Note: We don't prefix search in this query. This is very common when having folder-esque object names and limits the result set further.
(2) With a 100000 object bucket I see 200ms at the beginning going down to > 10ms on my machine. With SQLite profiling enabled (--rgw-sfs-sqlite-profile 1
)
$ awk '/SLOW QUERY/ { printf "%s ", $8; gsub("ms","", $8); sum+=$8; } END { printf "\n"; print "total", sum "ms" } ' last.log
195ms 192ms 192ms 188ms 189ms 184ms 184ms 186ms 184ms 189ms 187ms 176ms 176ms 175ms 169ms 180ms 167ms 174ms 164ms 166ms 159ms 160ms 159ms 154ms 156ms 151ms 152ms 151ms 143ms 145ms 142ms 140ms 139ms 137ms 136ms 131ms 129ms 128ms 126ms 125ms 121ms 122ms 119ms 125ms 115ms 112ms 112ms 108ms 107ms 107ms 103ms 110ms 100ms 98ms 91ms 97ms 91ms 92ms 91ms 88ms 86ms 83ms 84ms 79ms 78ms 77ms 75ms 74ms 72ms 69ms 68ms 66ms 63ms 62ms 60ms 57ms 56ms 55ms 52ms 52ms 49ms 46ms 45ms 43ms 40ms 40ms 40ms 35ms 34ms 32ms 29ms 27ms 25ms 23ms 22ms
total 10487ms
Op time is dominated by query time. Op latency in the logs suggest about 10ms on top of the query time.
(2) Pagination hurts, because we don't pay for the query once, but every 1000 objects.
For the above result s3cmd took about a minute. RGW accounts for roughly 12s. There however seems to be a delay between requests of (eyeballing from logs) 400ms -> 40s. That may account for the s3cmd / mc difference.
In summary, listing unstructured object key space is expensive. It gets better using prefixes and the common delimiter logic.
Well, it's not sqlite ;-)
Well, it is :)
Good to see one of knows how this thing works ;-P Thanks for the detailed explanation!
@irq0 what do we want to do with this? push it farther down the line? Do we think this is reasonable to be address at some point, or is it to be written off as an implementation limitation?
Suggest we push it until we have a proper target performance metric to work towards.
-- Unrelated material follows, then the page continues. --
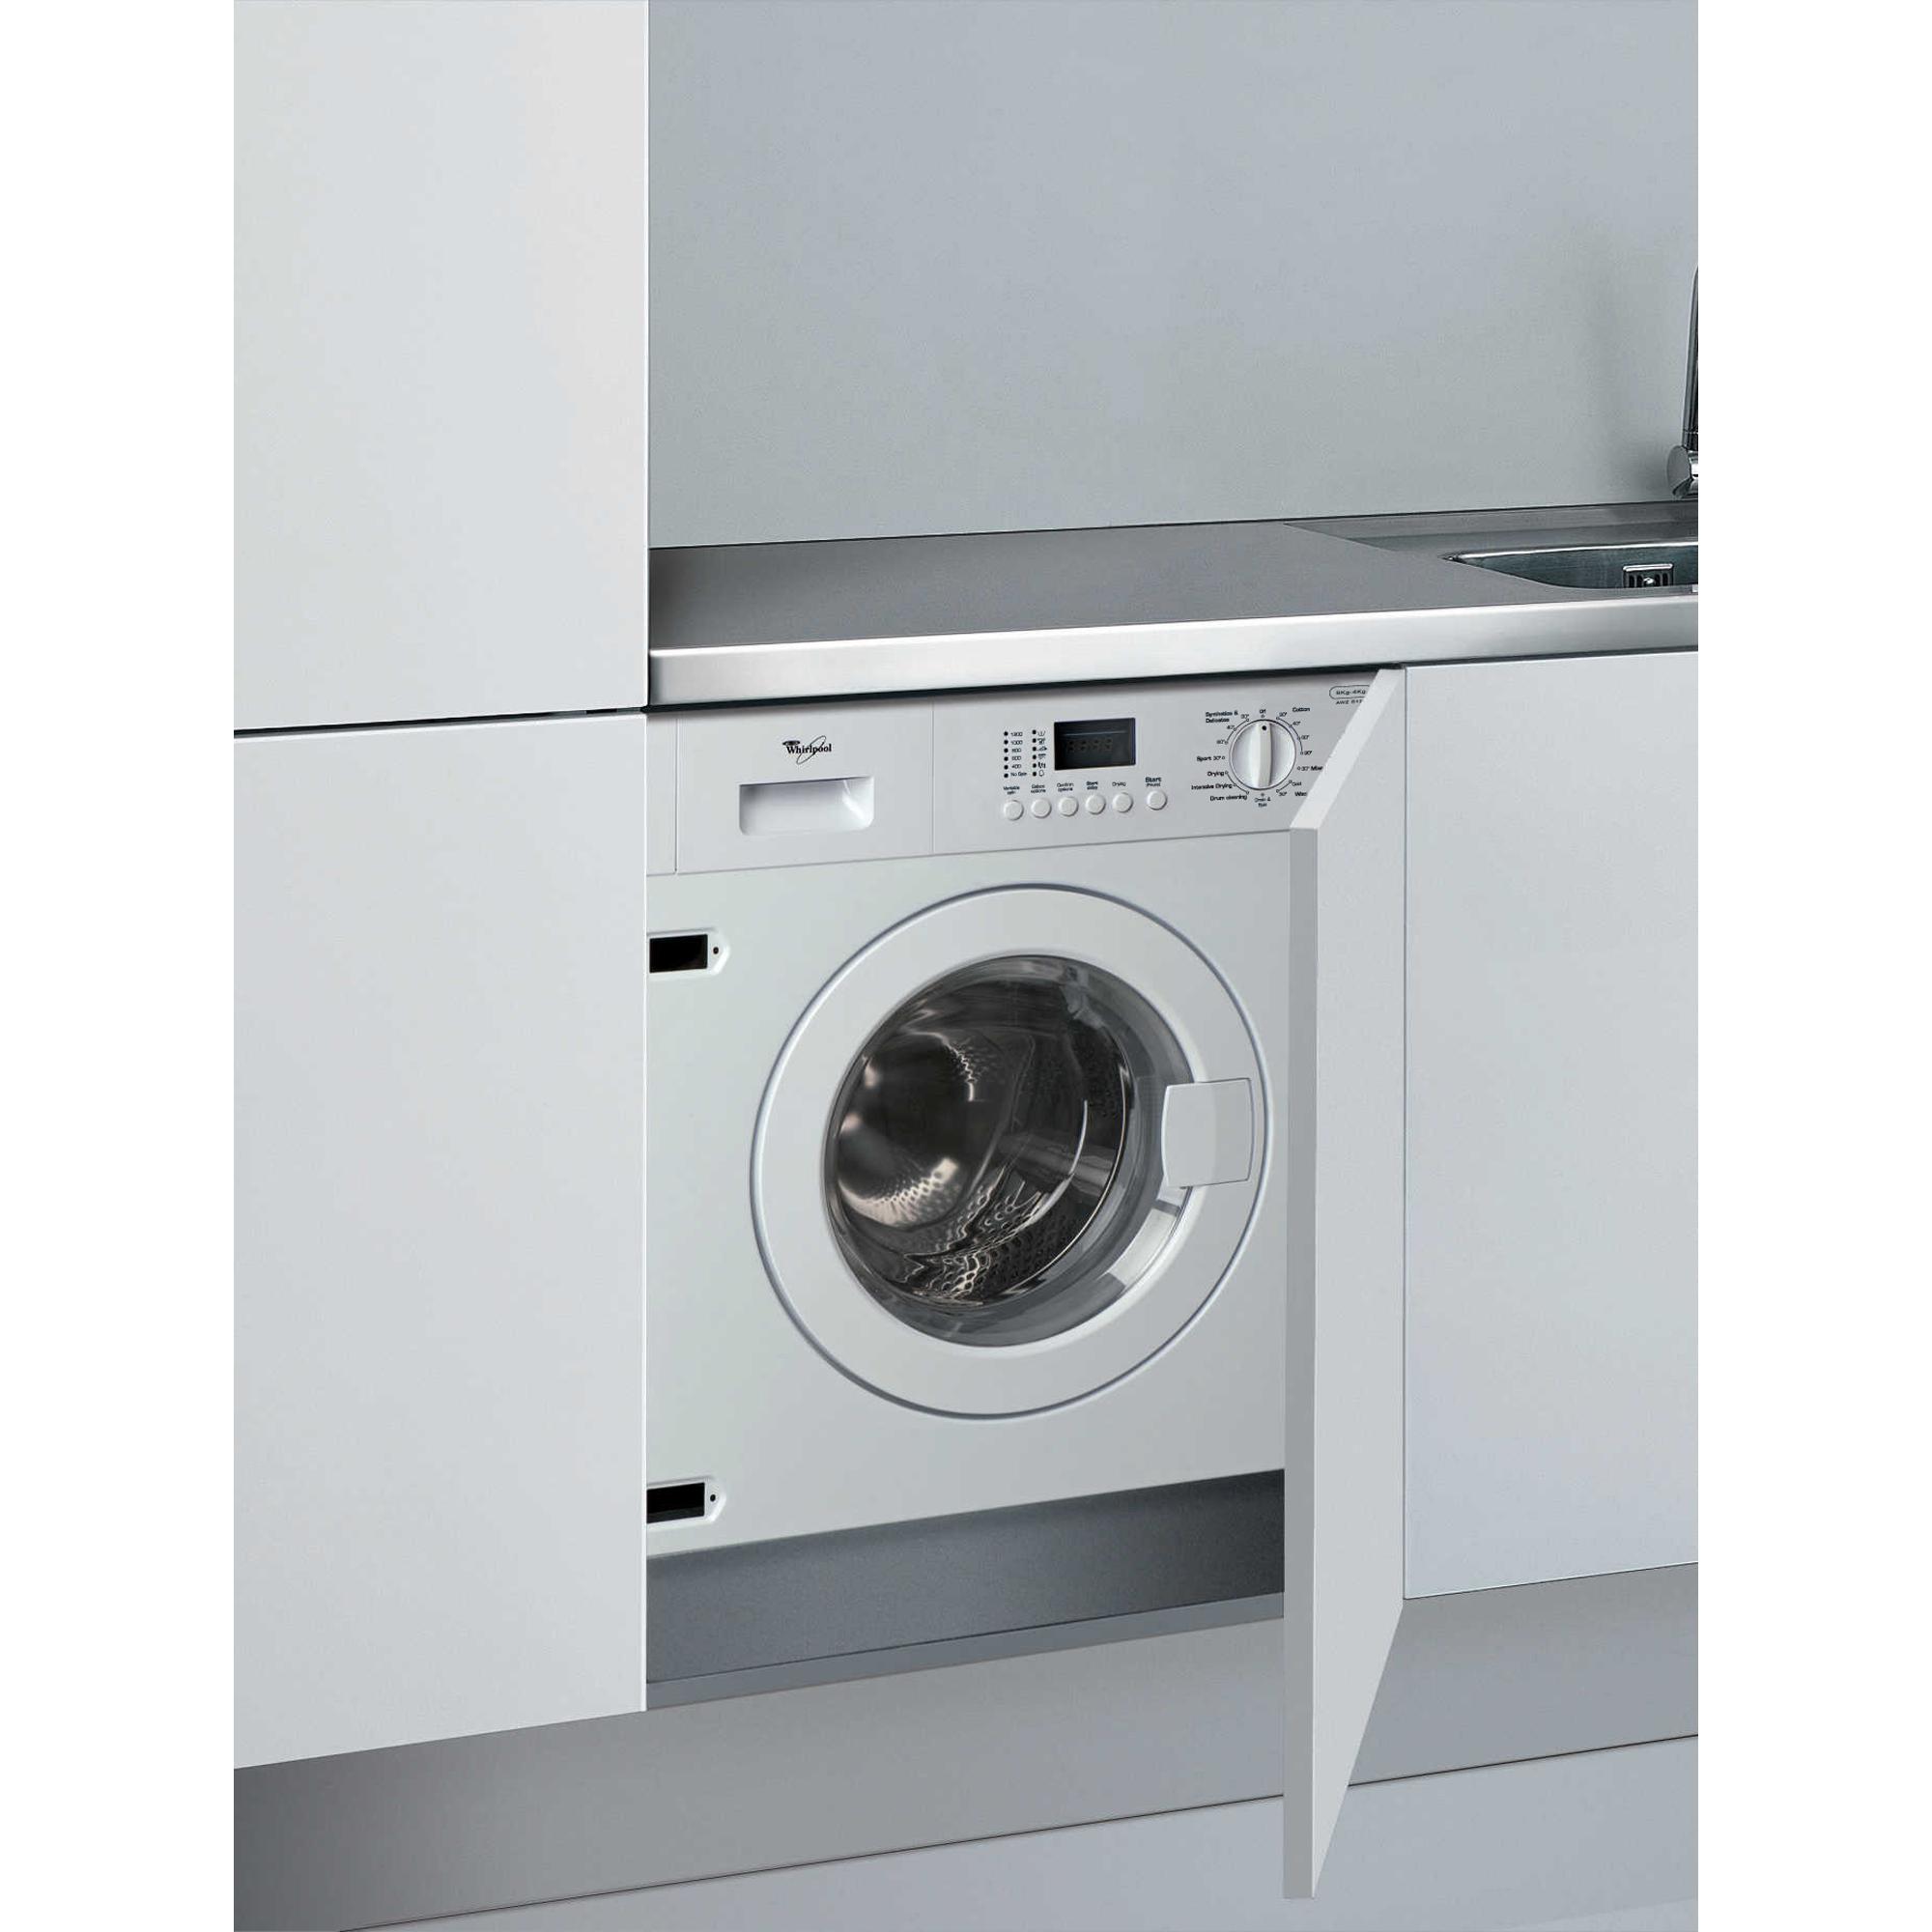 built in washer condenser dryer awz 612 whirlpool ireland. Black Bedroom Furniture Sets. Home Design Ideas

Listing really big buckets isn't fast, but it is not prohibitively - as in requests fail - slow either.
Note for the future: We could limit search space via <= 'rowid'. This would be a heuristic, but according to "spec" we are allowed to return less than max even if we could. This could bring down the query time at the beginning of the bucket.
Cool, pushing it then.
If I have one bucket, with 100,000 objects in it, and I use
s3cmd la
to list everything, it takes about 38 seconds:If I have one bucket, with 400,000 objects in it, and I use
s3cmd la
to list everything, it takes about 6.5 minutes:Convert that to seconds, and we get 392 seconds to list 400K objects vs 38 seconds to list 100K objects. That's a rather non-linear time increase.
I have no idea what's going on here, but having seen it felt I should record it as an area for further investigation.